Я очень, очень новичок в программировании UNIX (работает на MacOSX Mountain Lion через Terminal). Я изучал основы курса биоинформатики и молекулярных методов (у нас было два класса), где мы в конечном итоге будем использовать perl и python для целей управления данными. В любом случае нам было поручено написать оболочку script, чтобы взять данные из группы файлов и записать их в новый файл в формате, который может быть прочитан определенной программой (Migrate-N).

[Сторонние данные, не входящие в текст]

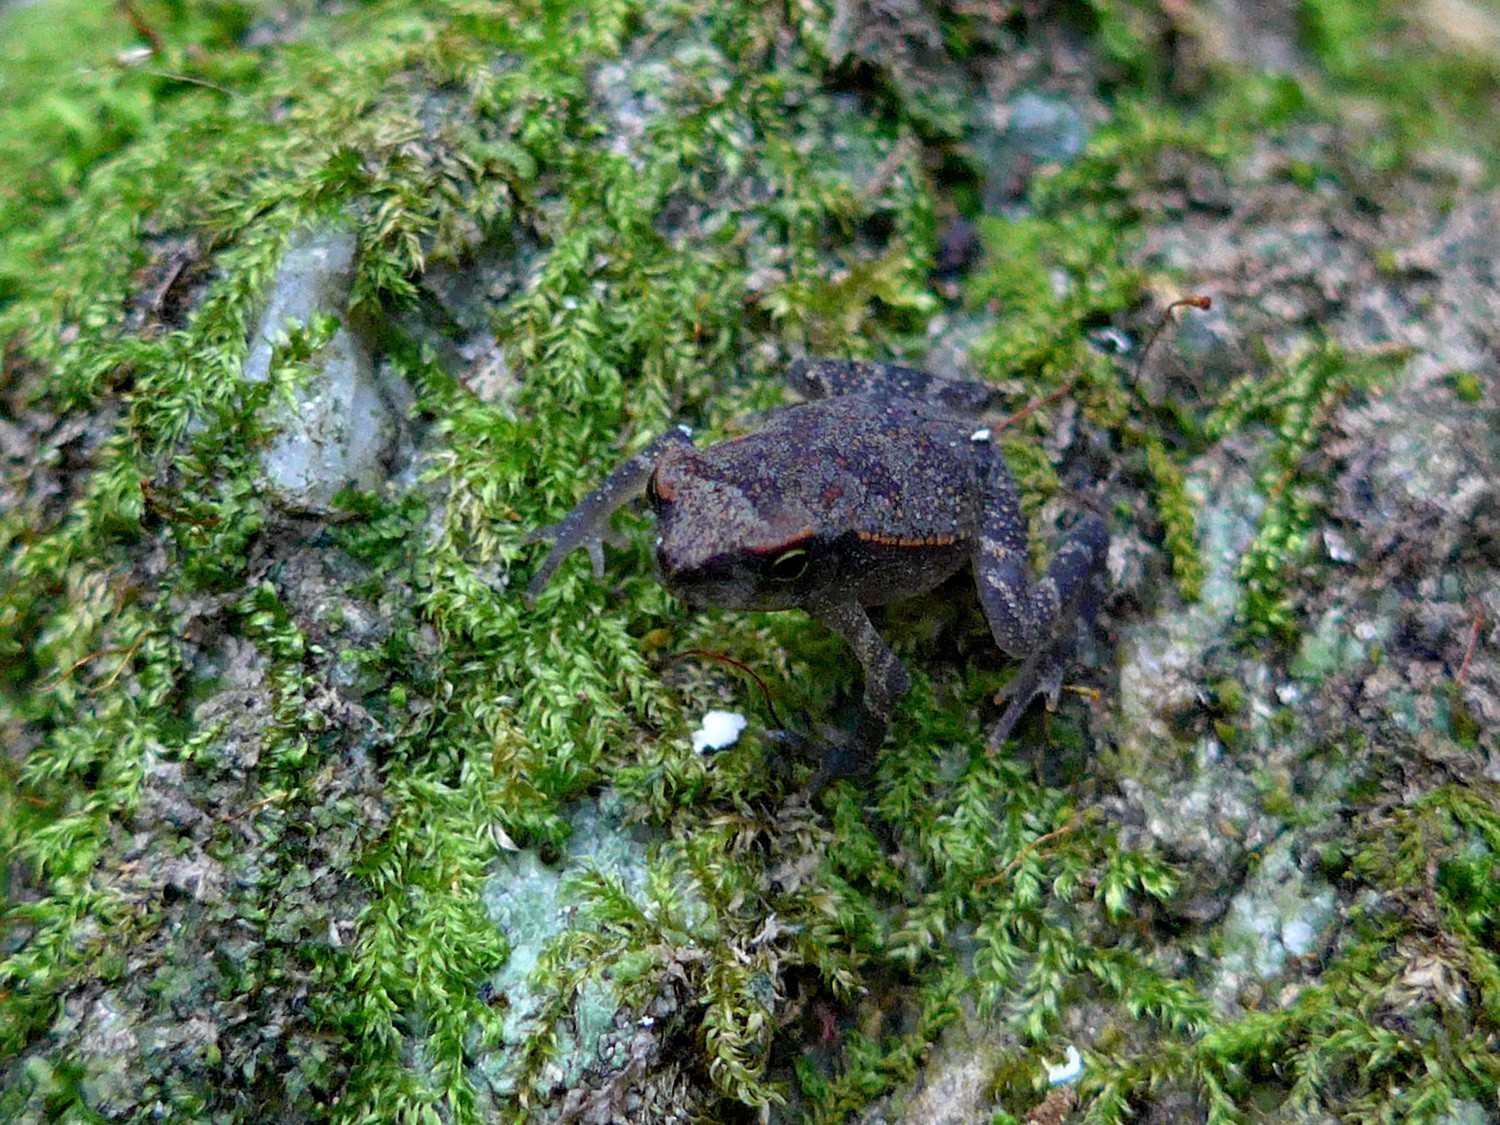 Tiny frog just like a thumbnail
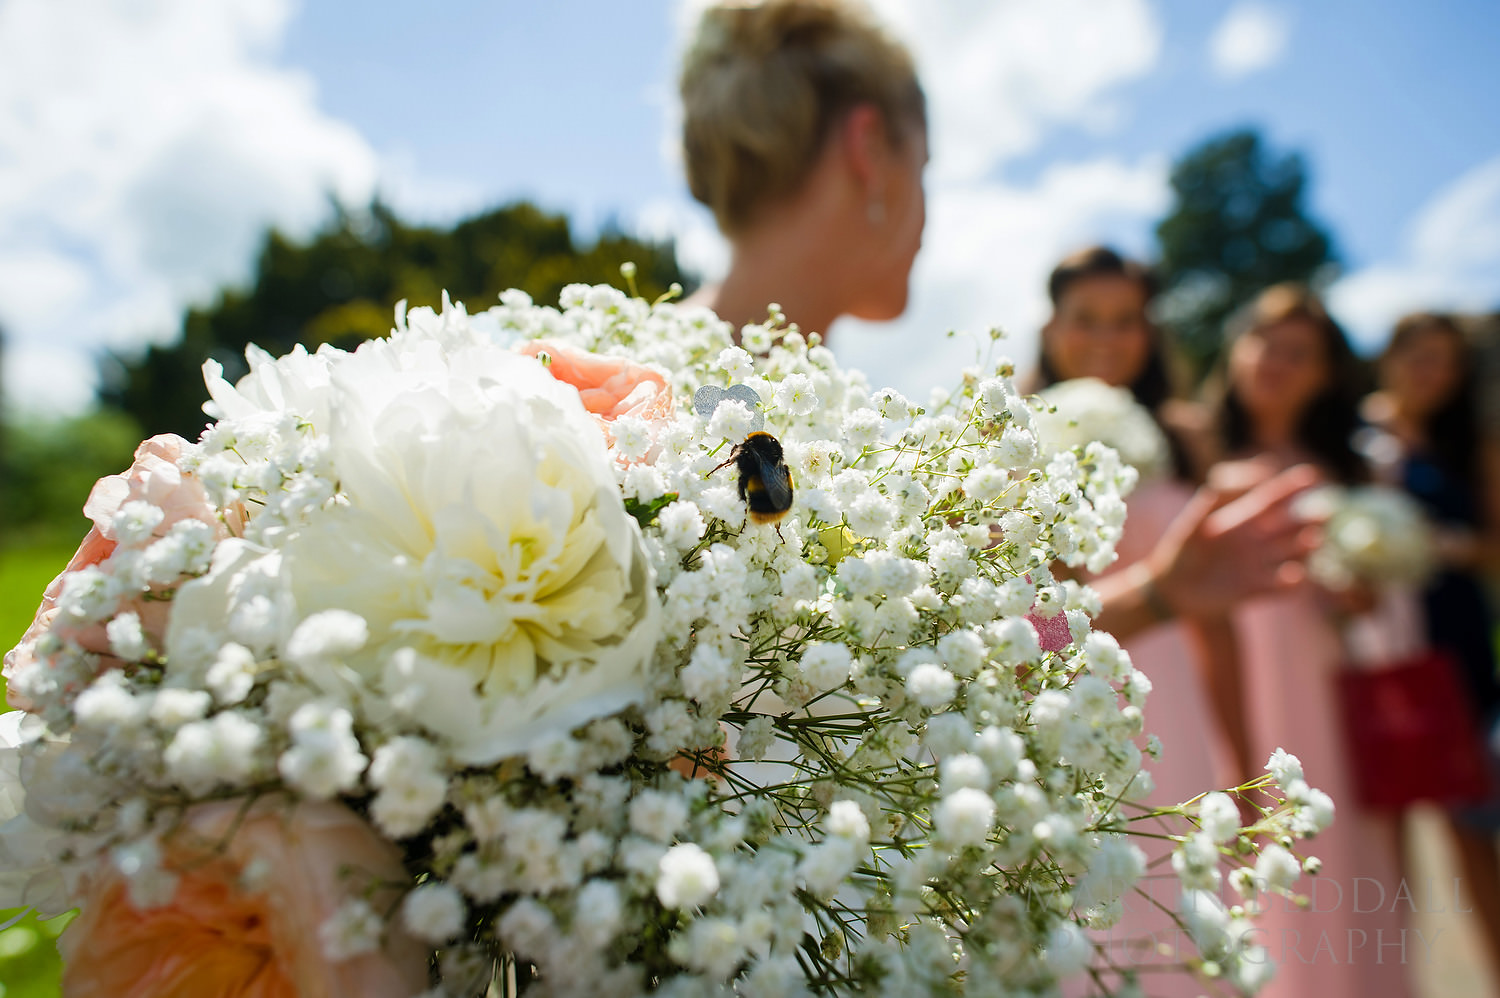 Bumblebee lands on the bride's wedding bouquet

У меня есть ряд функций для выполнения того, что мне нужно независимо, когда я ввожу их в командную строку, но когда я их объединяю в script и пытаюсь запустить, я получаю сообщение об ошибке. Вот подробности (извиняюсь за длину):
#! /bin/bash
grep -f Samples.NFCup.txt locus1.fasta > locus1.NFCup.txt
grep -f Samples.NFCup.txt locus2.fasta > locus2.NFCup.txt
grep -f Samples.NFCup.txt locus3.fasta > locus3.NFCup.txt
grep -f Samples.NFCup.txt locus4.fasta > locus4.NFCup.txt
grep -f Samples.NFCup.txt locus5.fasta > locus5.NFCup.txt
grep -f Samples.Salmon.txt locus1.fasta > locus1.Salmon.txt
grep -f Samples.Salmon.txt locus2.fasta > locus2.Salmon.txt
grep -f Samples.Salmon.txt locus3.fasta > locus3.Salmon.txt
grep -f Samples.Salmon.txt locus4.fasta > locus4.Salmon.txt
grep -f Samples.Salmon.txt locus5.fasta > locus5.Salmon.txt
grep -f Samples.Cascades.txt locus1.fasta > locus1.Cascades.txt
grep -f Samples.Cascades.txt locus2.fasta > locus2.Cascades.txt
grep -f Samples.Cascades.txt locus3.fasta > locus3.Cascades.txt
grep -f Samples.Cascades.txt locus4.fasta > locus4.Cascades.txt
grep -f Samples.Cascades.txt locus5.fasta > locus5.Cascades.txt
echo 3 5 Salex_melanopsis > Smelanopsis.mig
echo 656 708 847 1159 779 >> Smelanopsis.mig
echo 154 124 120 74 126 NFCup >> Smelanopsis.mig
cat locus1.NFCup.txt locus2.NFCup.txt locus3.NFCup.txt locus4.NFCup.txt locus5.NFCup.txt >> Smelanopsis.mig
echo 32 30 30 18 38 Salmon River >> Smelanopsis.mig
cat locus1.Salmon.txt locus2.Salmon.txt locus3.Salmon.txt locus4.Salmon.txt locus5.Salmon.txt >> Smelanopsis.mig
echo 56 52 24 29 48 Cascades >> Smelanopsis.mig
cat locus1.Cascades.txt locus2.Cascades.txt locus3.Cascades.txt locus4.Cascades.txt locus5.Cascades.txt >> Smelanopsis.mig
Серия greps просто вытаскивает данные последовательности ДНК для каждого сайта для каждого локуса в новые текстовые файлы. В образцах... txt есть идентификационные номера образцов для сайта, файлы .fasta имеют информацию о последовательности, организованную с помощью идентификатора образца; grepping отлично работает в командной строке, если я запускаю его по отдельности.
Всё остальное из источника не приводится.